Vera Molnar, born 1924 in Hungary, is one of the pioneers of computer and algorithmic arts. Trained as a traditional artist, Molnar studied for a diploma in art history and aesthetics at the Budapest College of Fine Arts. She iterated combinatorial images from as early as 1959.[1] In 1968 she began working with computers, where she began to create algorithmic paintings based on simple geometric shapes geometrical themes.[2]

Work

Molnar created her first first non-representational images in 1946. These where abstract, geometrically and systematically determined paintings. In 1947 she received an artists’ fellowship to study in Rome at the Villa Giulia, and shortly after moved to France, where she currently resides.
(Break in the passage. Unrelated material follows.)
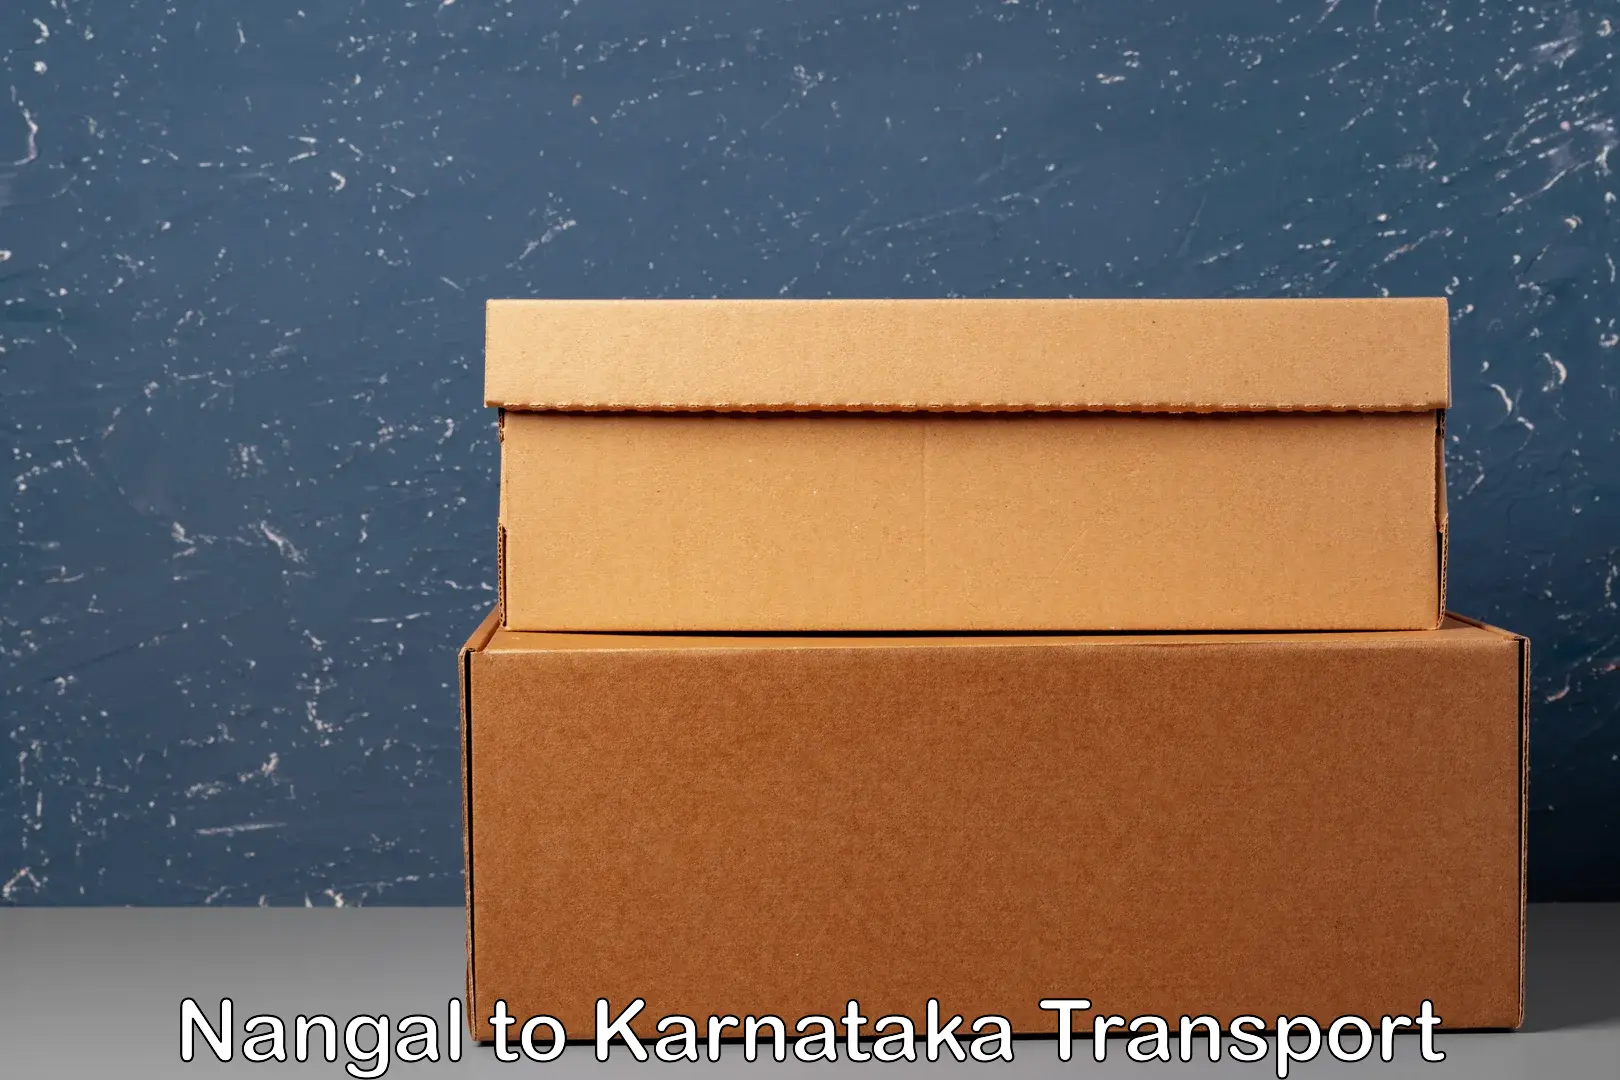 Container transportation services in Nangal to Karnataka
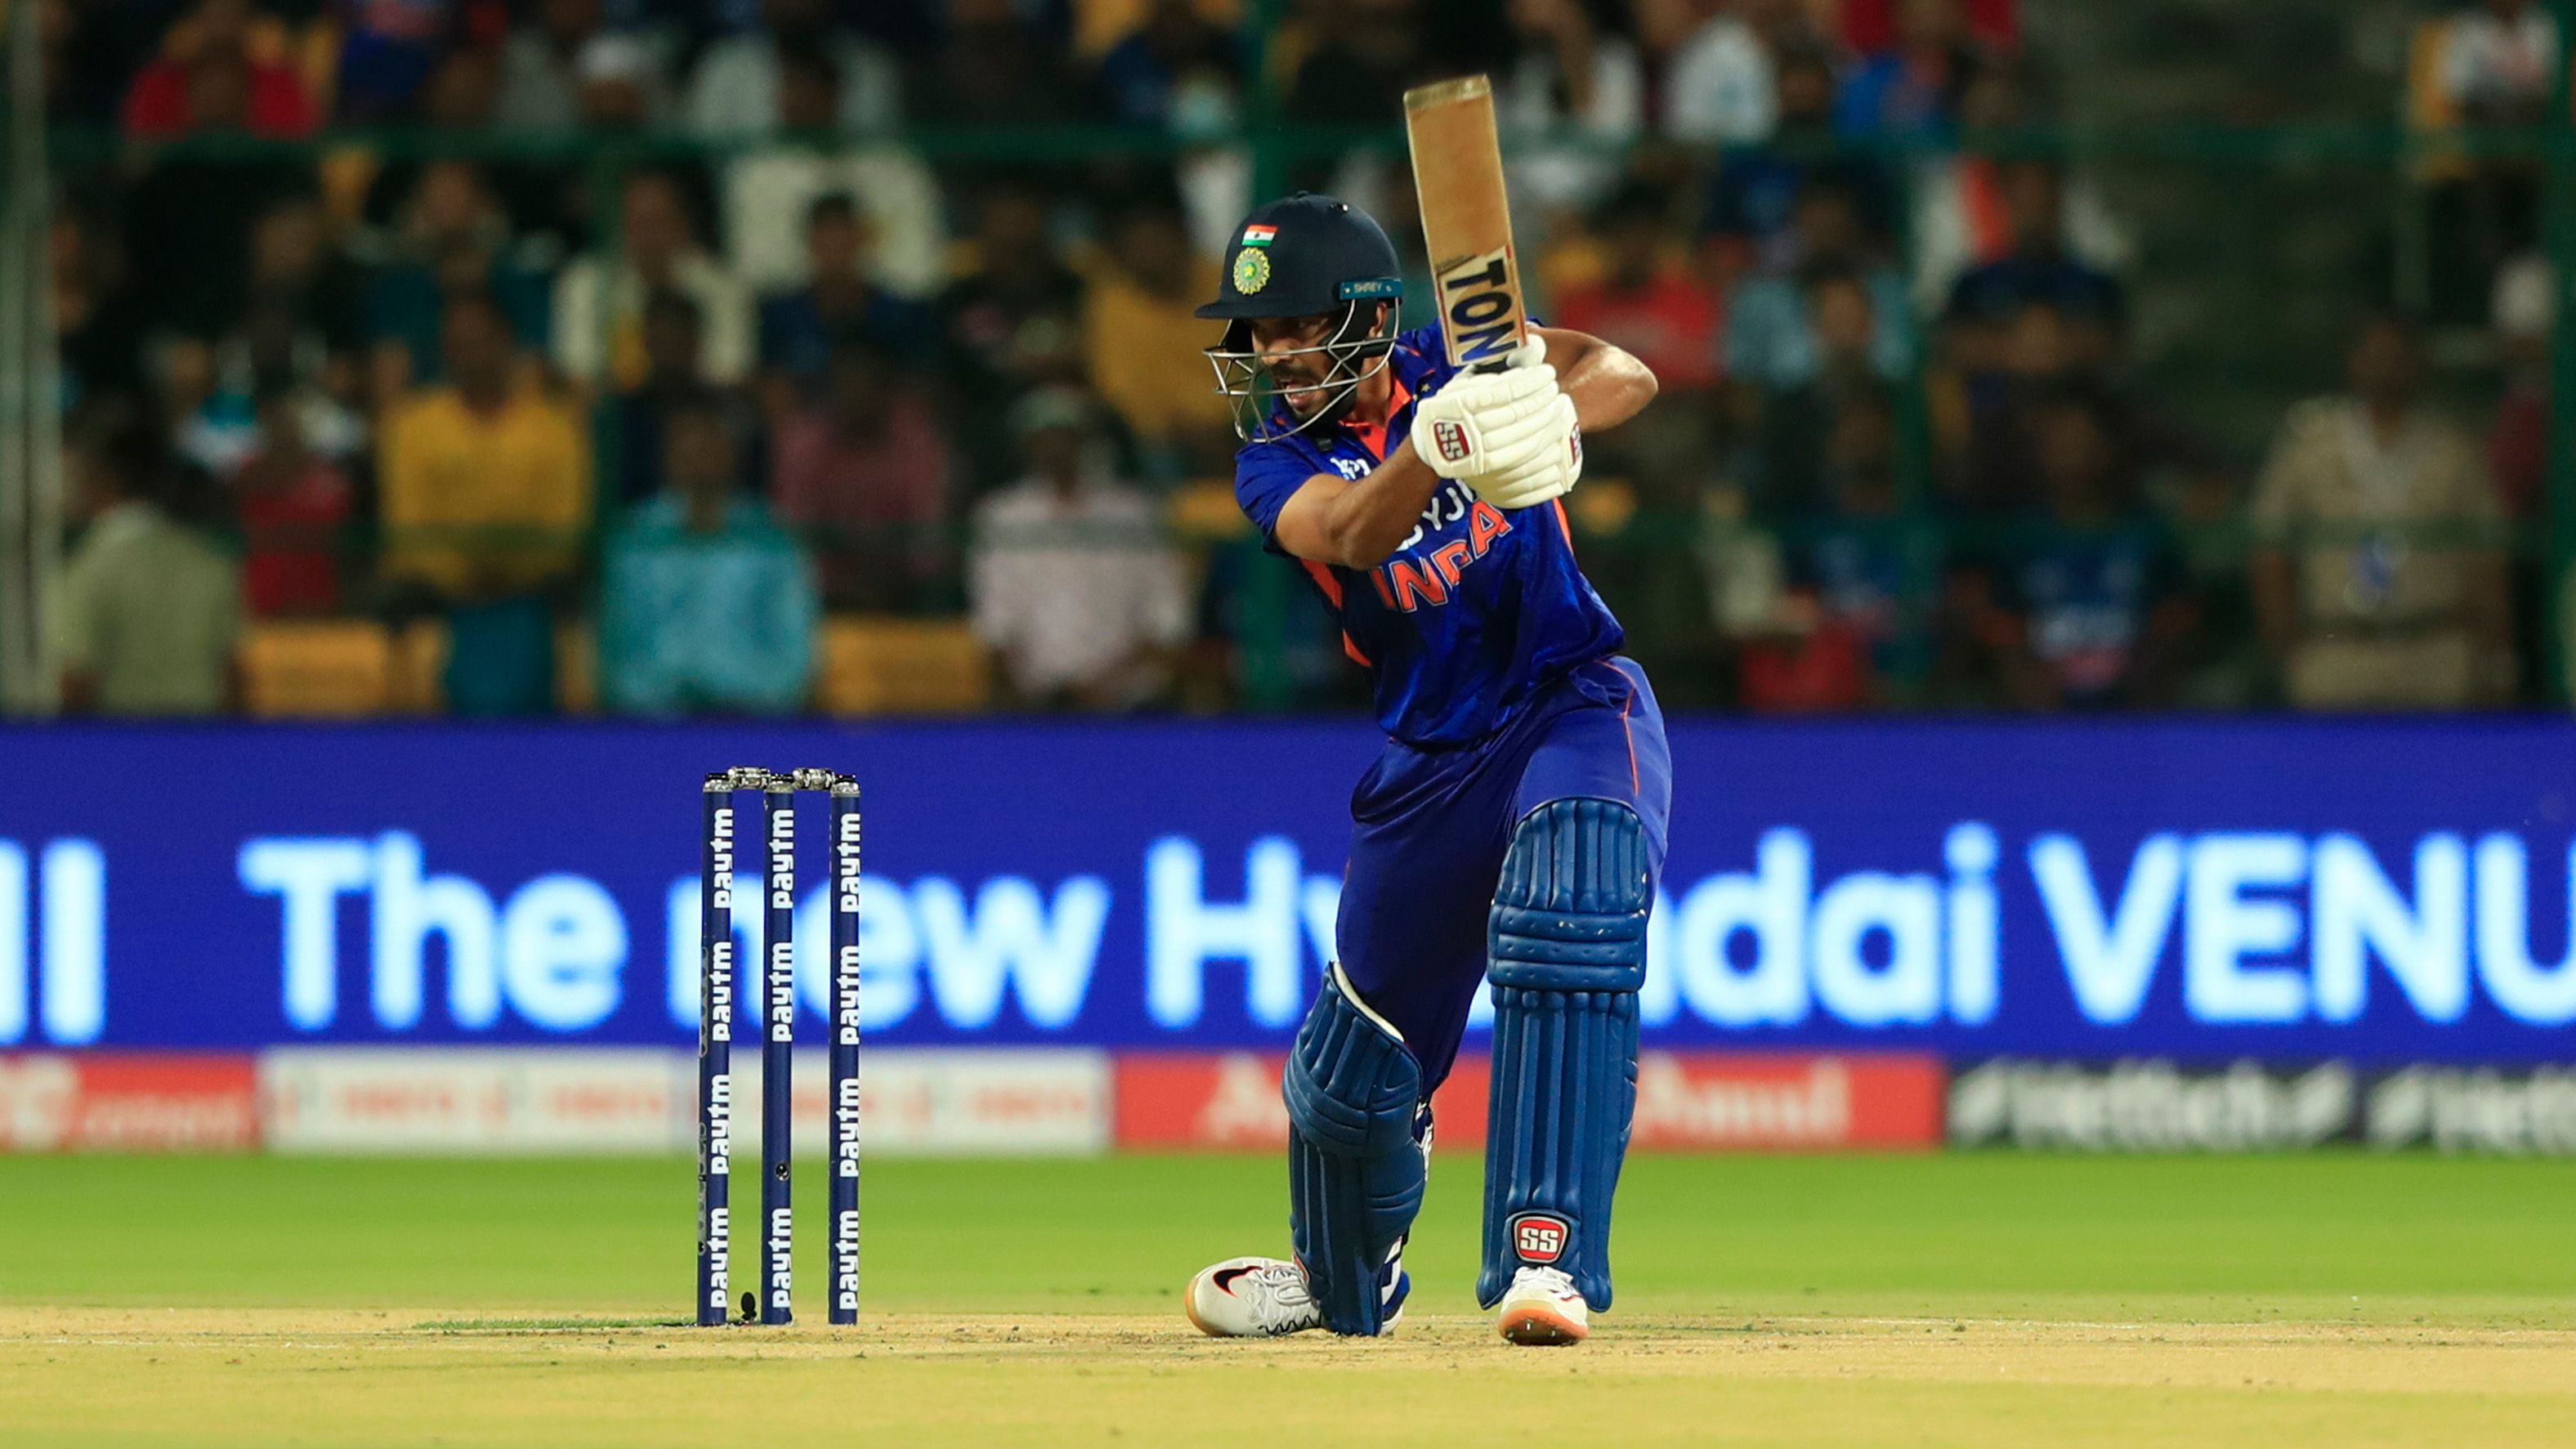 Ruturaj Gaikwad of India plays a shot during the 5th T20 International match between India and South Africa at  M. Chinnaswamy Stadium on June 19, 2022 in Bangalore, India. (Photo by Pankaj Nangia/Gallo Images/Getty Images)

In the 1960s, Molnar co-founded several artist research groups: GRAV, who investigate collaborative approaches to mechanical and kinetic art, and Art et Informatique, with a focus on art and computing.[3] Molnar learned the early programming languages of Fortran and Basic, and gained access to a computer at a research lab in Paris where she began to make computer graphic drawings on a plotter, several of which are included in a 2015 retrospective exhibition in New York called "Regarding the Infinite | Drawings 1950-1987".[4] In 2005 Molnar received the DAM Digital Arts Award for her life’s work,[5] which includes €20,000 prize, and a cataloged exhibition.[6]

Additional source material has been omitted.